On Ukraine, America Has Good Options
1:02 PM, MAR 4, 2014 • BY SETH CROPSEY


Vladimir Putin is aggressive, increasingly armed, and dangerous. Besides his recent attack against Ukraine, he invaded Georgia in 2008 and has been rearming since well before then. Like his Communist and czarist predecessors, Putin seeks to expand Moscow’s control. Russian military spending—for example, on its impressive new nuclear attack submarine, theSeverodvinsk, along with Moscow’s ambitious plans to rebuild its Pacific fleet—indicate that Putin does not regard the post-Communist contraction in imperial reach as permanent.



He is also highly vulnerable. He is sustained by the export of oil and gas, whose revenue lines the pockets of his political base, Russia’s plutocracy. But he needs foreign technology to extract and export energy, and he depends heavily on unchallenged control over the gas and oil markets to his main purchasers in Europe. Large oil and gas revenues and aggressiveness is a toxic brew. The invasion of Ukraine’s Crimean peninsula this past weekend demonstrates again that Putin is moving deliberately to gather back what was lost when the Soviet empire imploded.

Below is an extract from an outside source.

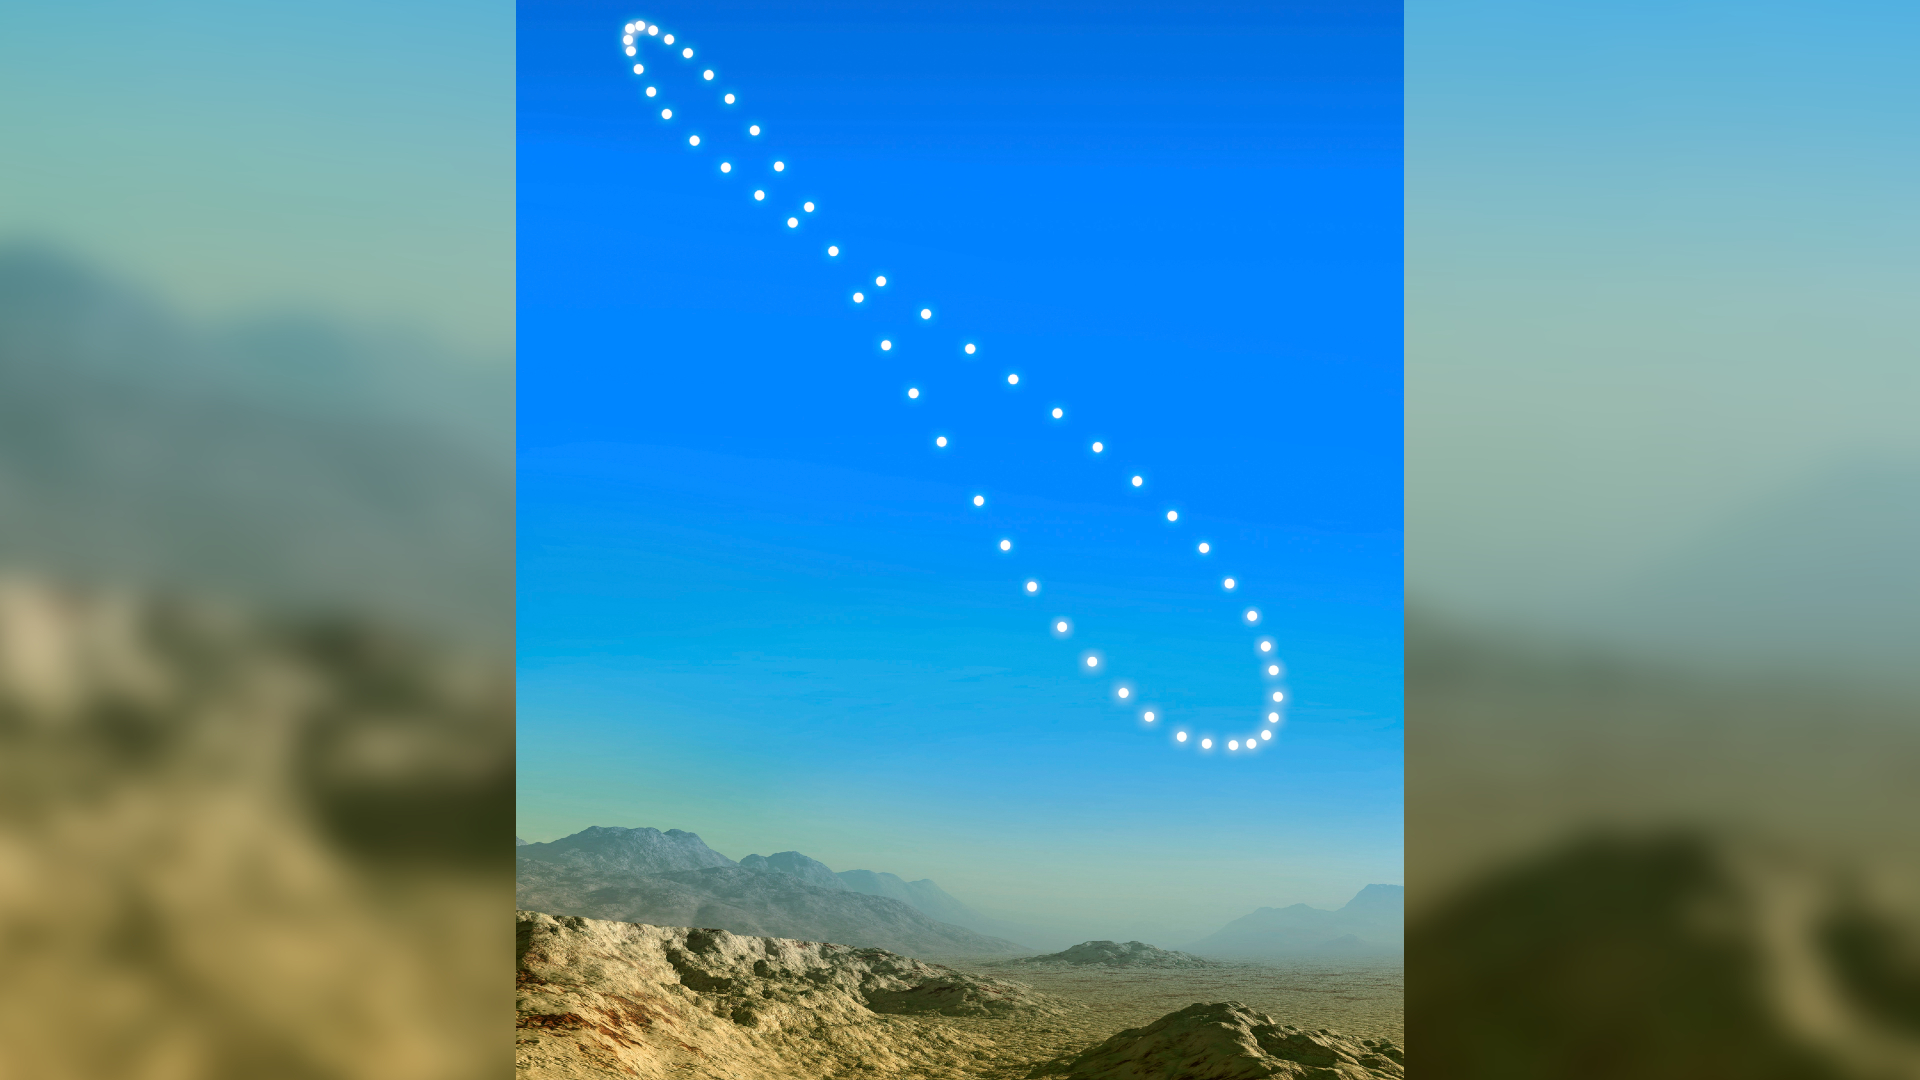 Artist's illustration of an analemma in the sky.  Each point of light demonstrates a "snapshot" image of the sun's position in the sky.  When displayed together all the points of light look like a lopsided figure of eight stretching across the blue sky.

As with stars, the death of empires is usually explosive. However, unlike stars, imperial explosion is not bound by physics to occur simultaneously with the precipitating event. The Ottoman Empire perished a slow death that ended in the early 20th century. Current Turkish prime minister Recep Tayyip Erdogan’s embrace of the old Ottomans’ religious fervor, his longing for the associated caliphate and his navalist ambitions show that a century can pass before a state convulses in partial reaction to its lost imperium.